Method	Overall Performance			Per-Class Performance
	Acc	MF1	κ	W	N1	N2	N3	REM
1-max CNN [38]	79.8	72.0	0.720	-	-	-	-	-
VGG-FT [39]	80.3	-	-	-	-	-	-	-
SleepEEGNet [40]	84.26	79.66	0.79	89.19	52.19	86.77	85.13	85.02
CCRRSleepNet [41]	84.29	79.81	0.78	89.01	51.73	87.25	88.20	82.86
AttnSleep [42]	84.3	77.7	0.776	85.4	50.9	88.8	86.4	86.5
FT DeepSleepNet+ [43]	84.4	78.8	0.781	-	-	-	-	-
IITNet [44]	84.6	79.0	0.782	81.0	50.5	88.2	86.9	87.2
FT SeqSleepNet+ [43]	85.2	79.6	0.789	-	-	-	-	-
TinySleepNet [45]	85.4	80.5	0.80	90.1	51.4	88.5	88.3	84.3
proposed Method	86.2	79.8	0.808	92.0	45.5	89.4	88.6	83.5

compares our approach with existing methods. The improved 1-max CNN of [38] is used in combination with a DNN learning frequency domain filter bank to pre-process time–frequency image features. VGG-FE [39] utilizes multi-cone spectroscopy, a typical migration learning approach. SleepEEGNet [40] proposes a CNN-BIRNN network architecture along with a loss function to tackle the issue of class imbalance within EEG datasets. CCRRSleepNet [41] uses hybrid relational induced bias to optimize the network and uses multiple convolutional blocks to extract complex features. AttnSleep [42] utilizes small-core and wide-core dual-branch CNN to extract features of different frequencies and use a multi-head attention (MHA) mechanism to capture time dependencies between features. Furthermore, [43] used migration learning with SeqSleepNet+ and DeepSleepNet+ based on a sequence-to-sequence sleep staging framework to overcome the problem of small datasets and insufficient data in sleep studies. IITNet [44] utilizes ResNet and LSTM to learn the time context within and between epochs of learning. TinySleepNet [45] simplifies the DeepSleepNet model structure and incorporates data augmentation. Overall, our method is relatively novel and achieves better performance because the shared convolutional structure allows the TCN to process long sequences in parallel, so the TCN is more memory efficient than the recurrent network, thus, the training time is shorter, with a total cross-validation time of 5.1 h for 20 folds, which is significantly better than [42] (about 7 h).

4. Conclusions

This paper proposes a new network structure, NAMRTNet, to classify raw single-channel EEG data into sleep stages. NAMRTNet consists of two parts. First, a modified ResNet-34 network combined with the NAM attention mechanism extracts ephemeral invariant features to improve the network effectively. Then, the TCN network is used to learn the dependencies between long time sequences. Experimental results on the Sleep-EDF dataset show that the model proposed in this paper is superior to some state-of-the-art methods for a variety of evaluation metrics.

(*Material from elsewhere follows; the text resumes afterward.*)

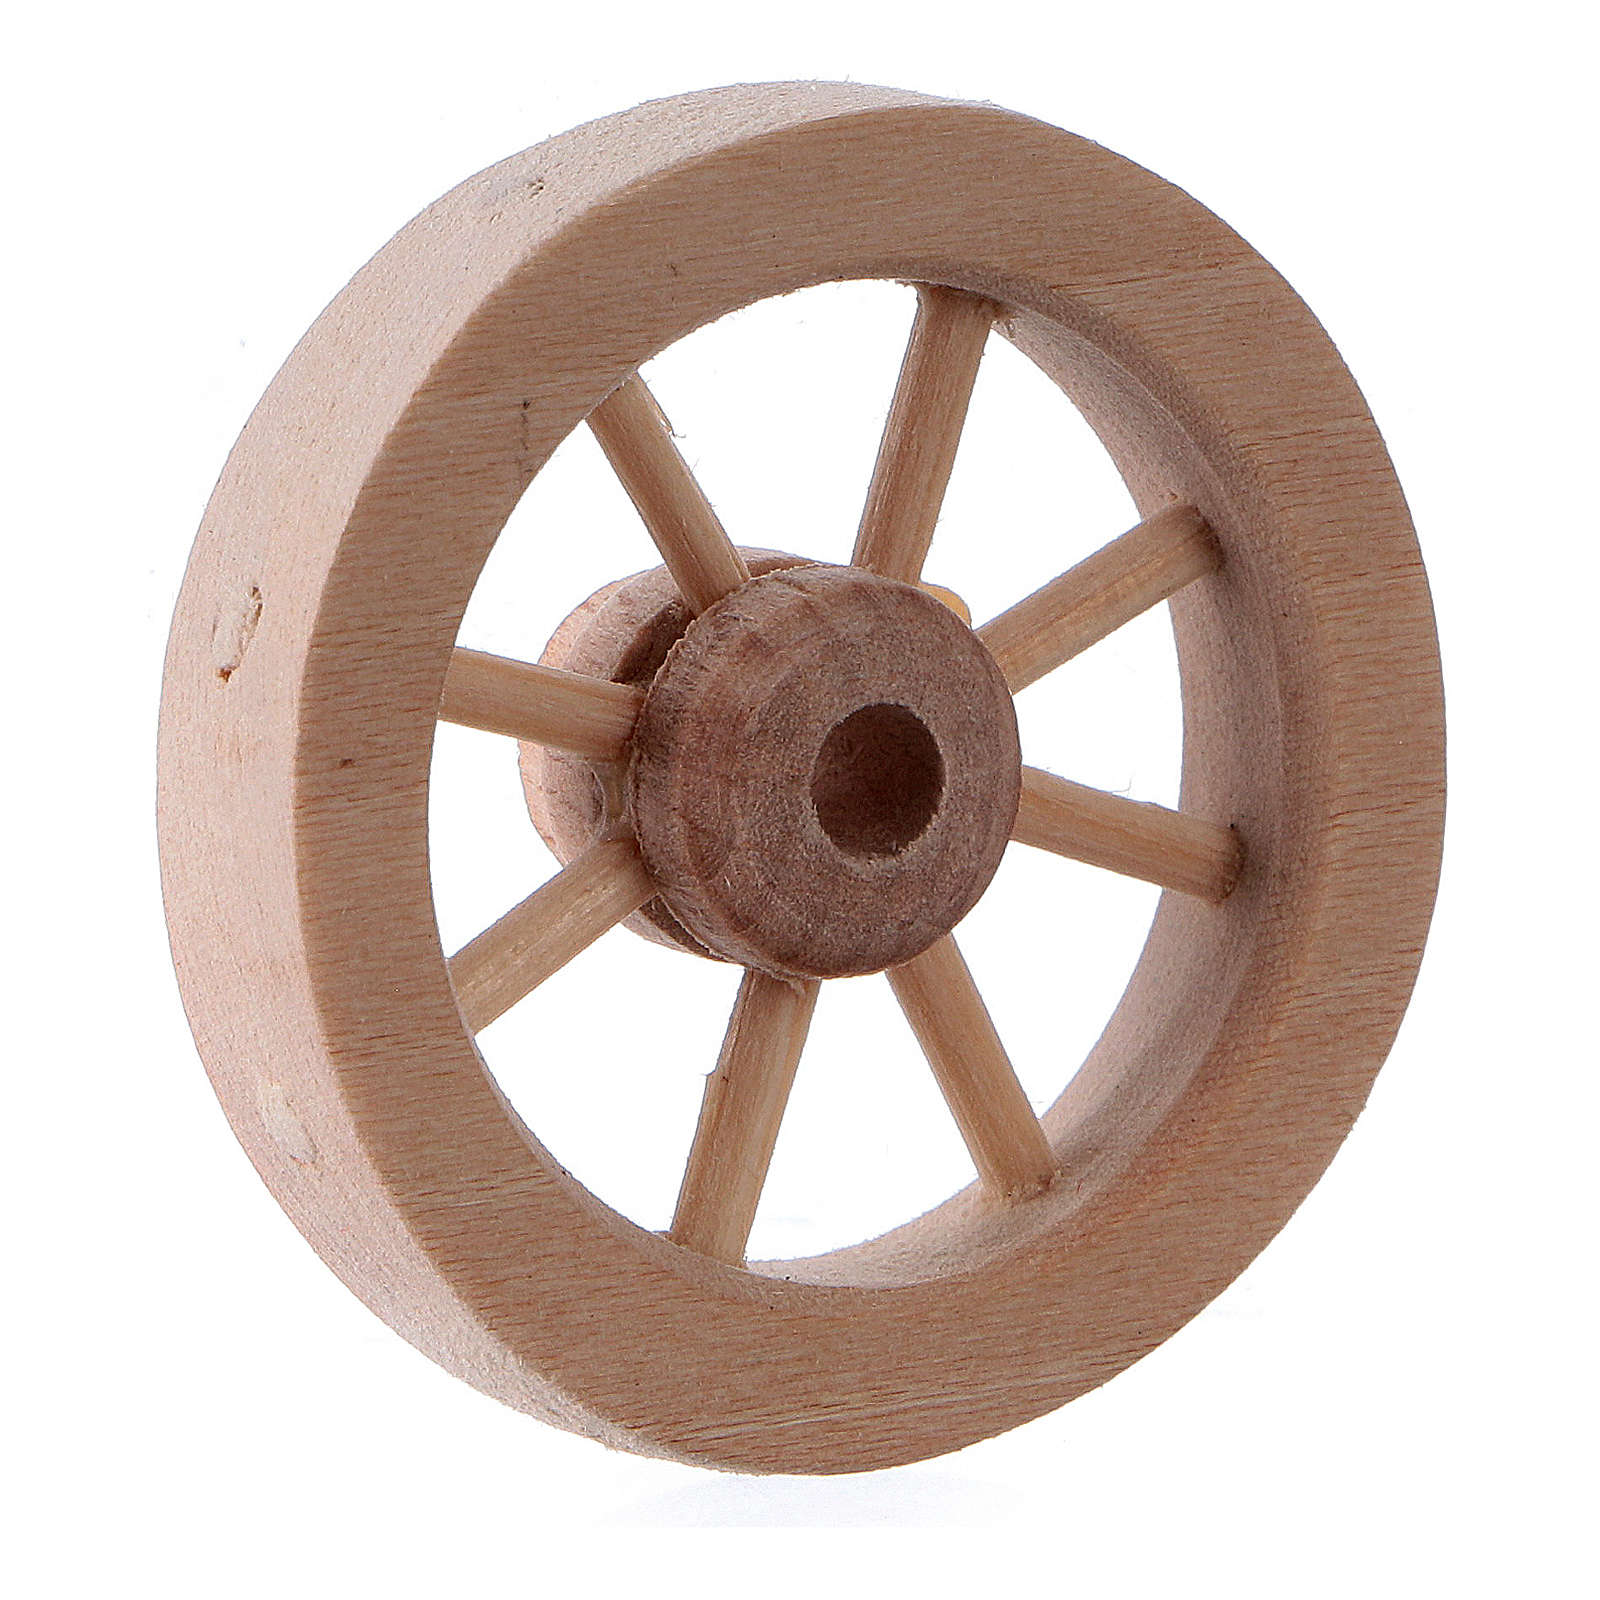 Ruota carro presepe legno chiaro diam. 3,5 cm 4

Furthermore, from the experimental procedure, the training time of the model in this paper is significantly outperformed by the literature [42], which is a good indication of the correctness of the choice of the TCN network, which can handle time series efficiently. This paper effectively selects the optimal network experimentally to maximize the model’s performance. Finally, NAMRTNet is end-to-end and does not require pre-processing of the data so that it can be directly used for applications in healthcare and other fields. In the future, we intend to enhance our NAMRTNet so that it can be applied to multimodal signals collected by wearable devices containing EEG, EOG, EMG, etc., to fuse multimodal signals, remove noise interference using state-of-the-art techniques, optimize feature extraction, reduce the impact caused by too little data in the N1 stage, and effectively improve the automatic scoring of sleep stages to improve people’s quality of life effectively.